Frailty measures are a field-friendly method of collecting data to analyze the trade-offs between reproduction and maintenance among aging populations. The measures used in the current study were easy to adapt to various scenarios in the USA and the Philippines.

Estimated lifetime reproductive cycles (ELC) are a useful tool when considering lifetime exposure to sex steroid hormones. However, ELC is limited by participants’ accurate recollection of their reproductive histories. There may be numerous factors that influence lifetime exposure to sex steroid hormones that are not captured by the current method of calculation, for example, hormonal birth control use, environmental exposure to sex steroid hormones, and/or medications. Moreover, frailty may be influenced by factors not captured by the current methodology, for example, activity patterns (including type of labor, physical limitations, etc.).
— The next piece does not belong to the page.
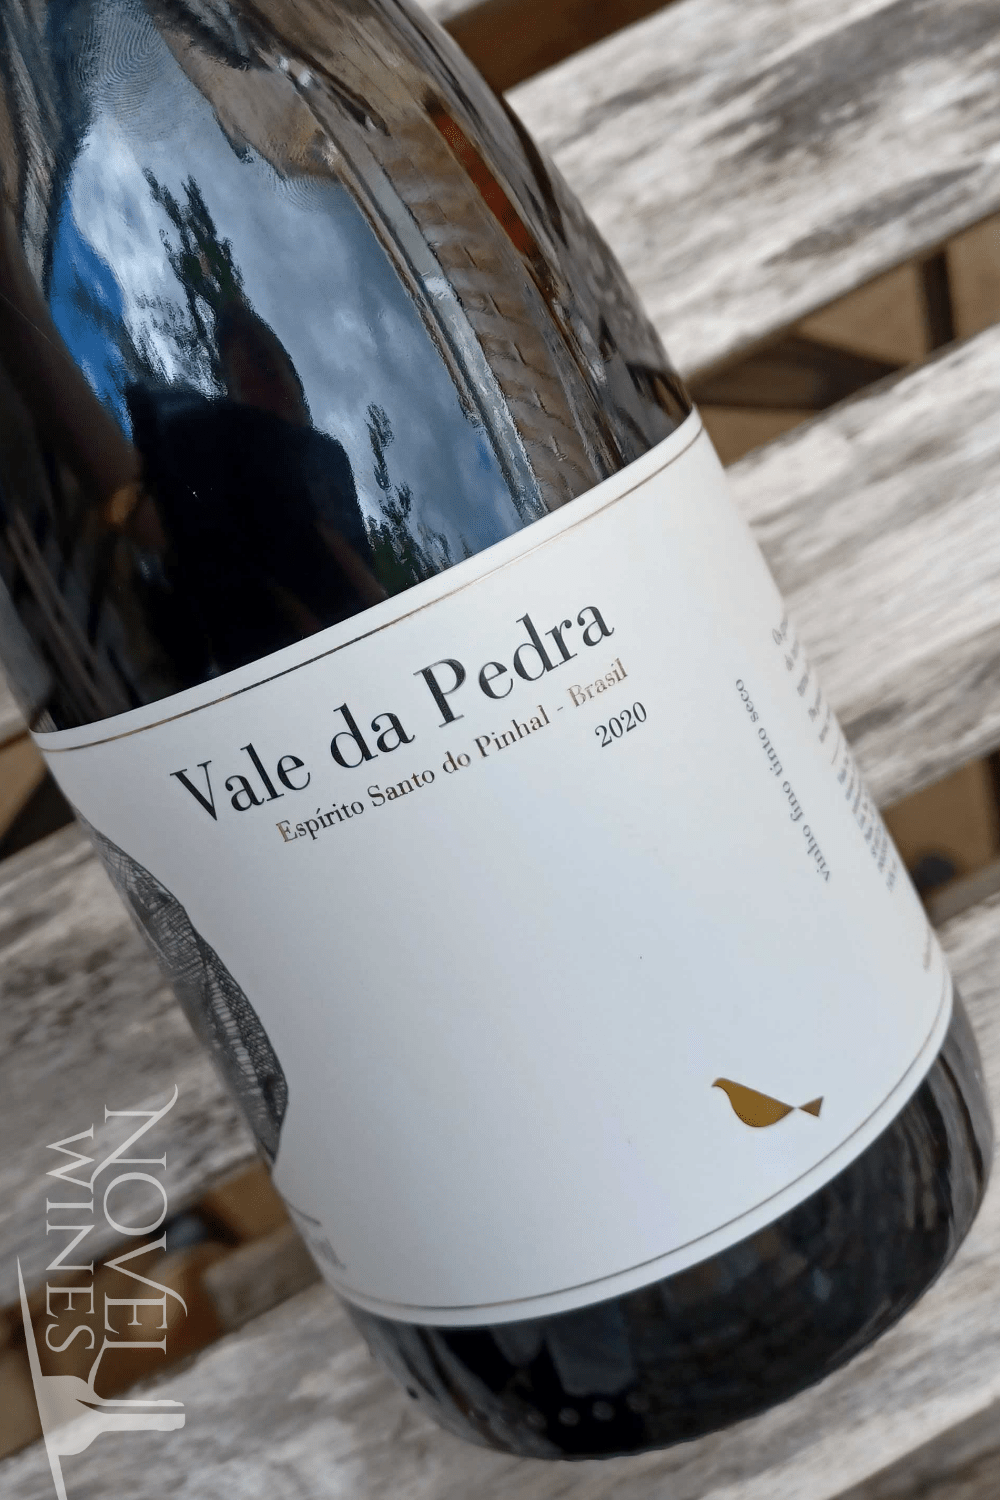 Novel Wines Red Wine Guaspari Vale da Pedra Syrah 2020, Brazil

While there are certainly challenges that are posed by field-based research studies, including the current study, certain methods may be employed to assist with these difficulties. Here we used several methods that are field-friendly including portable equipment such as a dynamometer and calibrating different walking paths based on the space available to calculate walking speed. Additionally, using interviews to capture reproductive histories appear to be a minimally invasive method for investigating lifetime reproductive profiles. The interviews also provide the added means of identifying crucial sociocultural and interindividual variation. The current exploratory project may provide data sufficient for future studies investigating lifetime profiles of reproduction and trade-offs with other areas of life history.